How to use multi GPU training in tao-toolkit-api(K8s)

• Hardware (RTX3080*2)
• Network Type (Classification)
• api-helm-version(tao-toolkit-api-4.0.0.tgz)

I want to know whether this toolkit supports multi-card parallel training or not?
if yes, how to change gpu’s setting in spec json file or what kind of limits on using?

We are using tao-toolkit-api for developing a AI training cluster, this is a very important question for our team, I desperately want to know the answer, thanks for yoyr reply

Yes, it supports.
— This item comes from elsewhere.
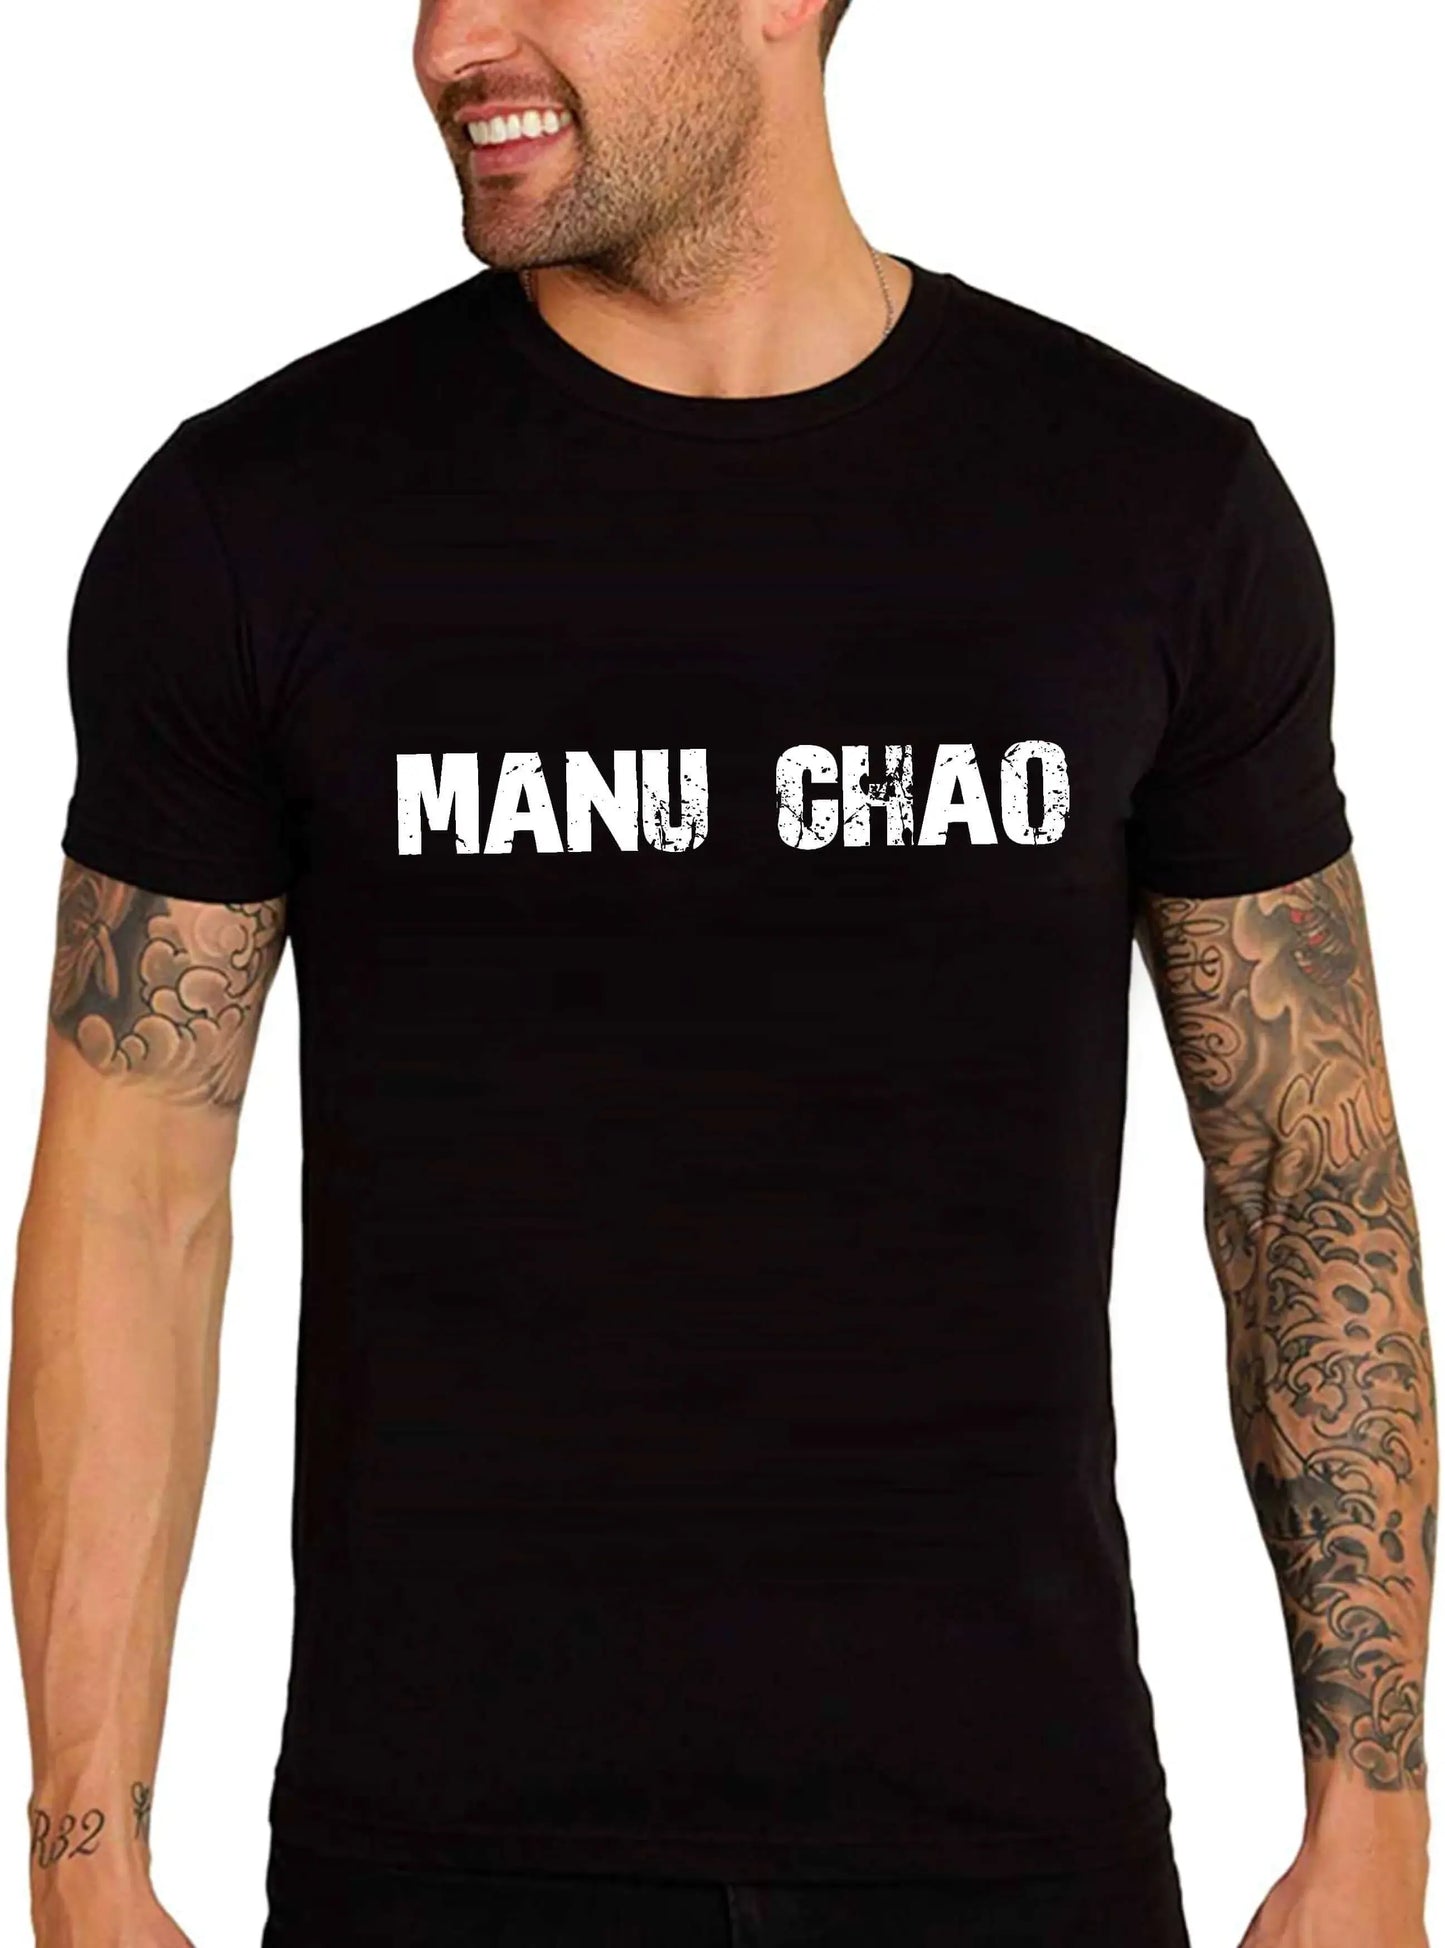 Men's Graphic T-Shirt Manu Chao Eco-Friendly Limited Edition Short Sleeve Tee-Shirt Vintage Birthday Gift Novelty

You can change numGpus: 1 in values.yaml.
Refer to Deployment - NVIDIA Docs

Hi thanks for your response , but I had changed the numGpus already but I still can’t use two gpu to run parallel training.
The attachment is the GPU usage I monitored when executing the training task and the kubectl pod description.
Is there any other config I should changed to used multi GPU run a single training task?
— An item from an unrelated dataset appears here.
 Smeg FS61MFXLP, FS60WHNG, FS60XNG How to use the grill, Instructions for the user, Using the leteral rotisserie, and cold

May I know which network did you run?

Hi here is my train.json in pvc, I’m running a classification with resnet

hi @iga00257 ,
could you please share the pods logs when you launch the training with commands below?
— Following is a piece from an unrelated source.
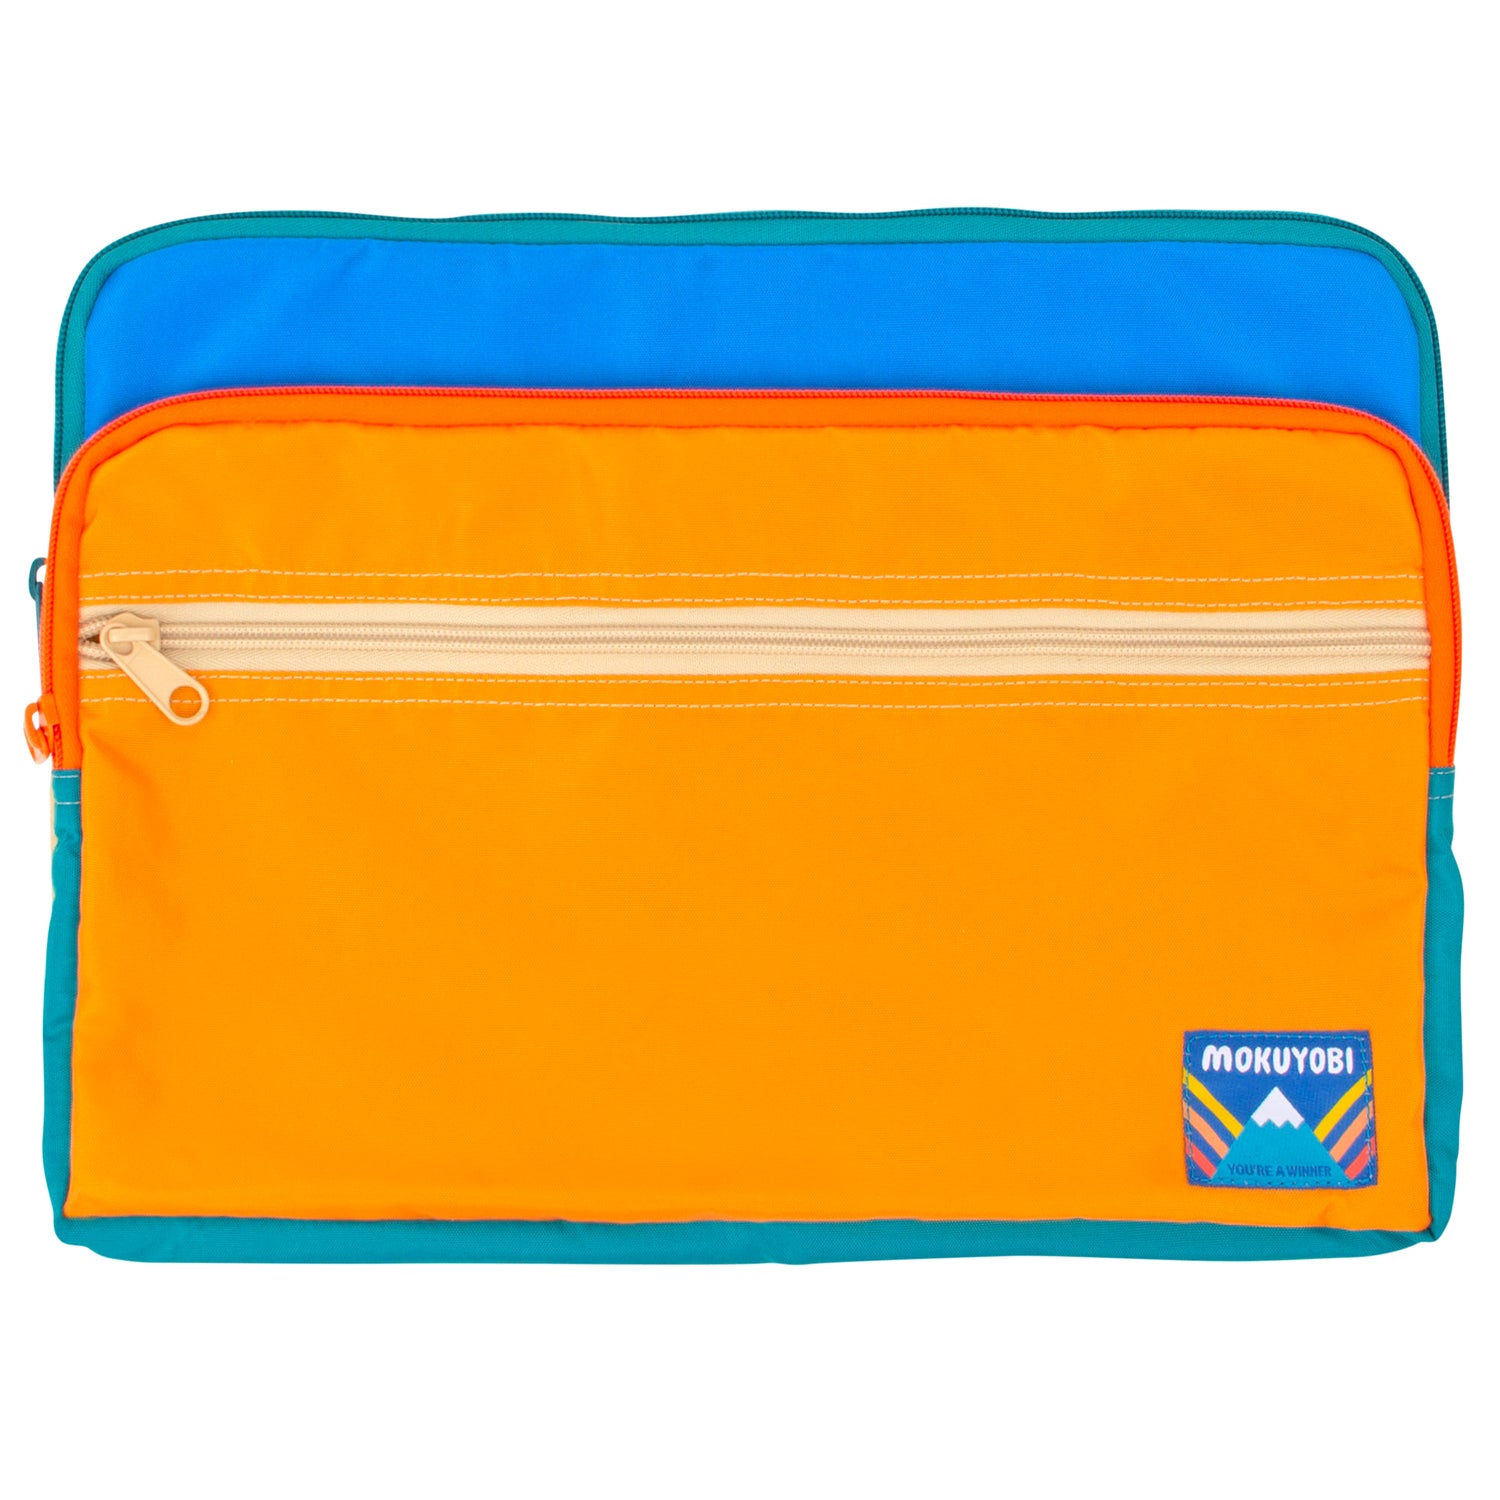 A colorful laptop case with zipper pockets

kubectl logs -f <training pod id>
kubectl describe pod <training pod id>
kubectl logs -f  tao-toolkit-api-workflow-pod-69b75
kubectl describe pod tao-toolkit-api-workflow-pod-69b75

the training pod id will be like :

are you running the getting_started_v4.0.0/notebooks/tao_api_starter_kit/api/automl/classification.ipynb or getting_started_v4.0.0/notebooks/tao_api_starter_kit/api/end2end/multiclass_classification.ipynb?

Here is pod describe
pod_descibe (4.3 KB)

I’m running

hi @iga00257
currently the end2end classification noteboook cannot support multi-gpu, and this feature will be enabled in TAO 5.0 soon.
You can try the autoML notebook which can launch training task with multi-gpu and give a better performance model with automatically selected hyperparameters.

Thanks for your response

I’d try the automl/classification.ipynb notebook
I confused about why every time I run this cell to create a job

It will create two pods, and one of the pod always get Error status then disappeared

and the monitor cell always stay on this response

here is the pod log of which status is Running,
Thank you for your patience~
pod_descibe (3.7 KB)

hi @iga00257
could you please share the pod logs, especially logs of the ERROR pod, you can use command such as

kubectl logs -f <error pod id>
kubectl logs -f tao-toolkit-api-workflow-pod

Hi there are no logs in Error pod

TAO-workflowpod_logs.txt (1.5 KB)

how did you install the tao-tookit-api, did you follow the bare-metal-setup or directly deployment using helm?

BTW, are there any files in the /mnt/nfs_share/default-tao-toolkit-api-pvc-pvc-<pvc-id>/users/<user-id>/models/<model-id>? Please upload these files so that we can get more information of this error.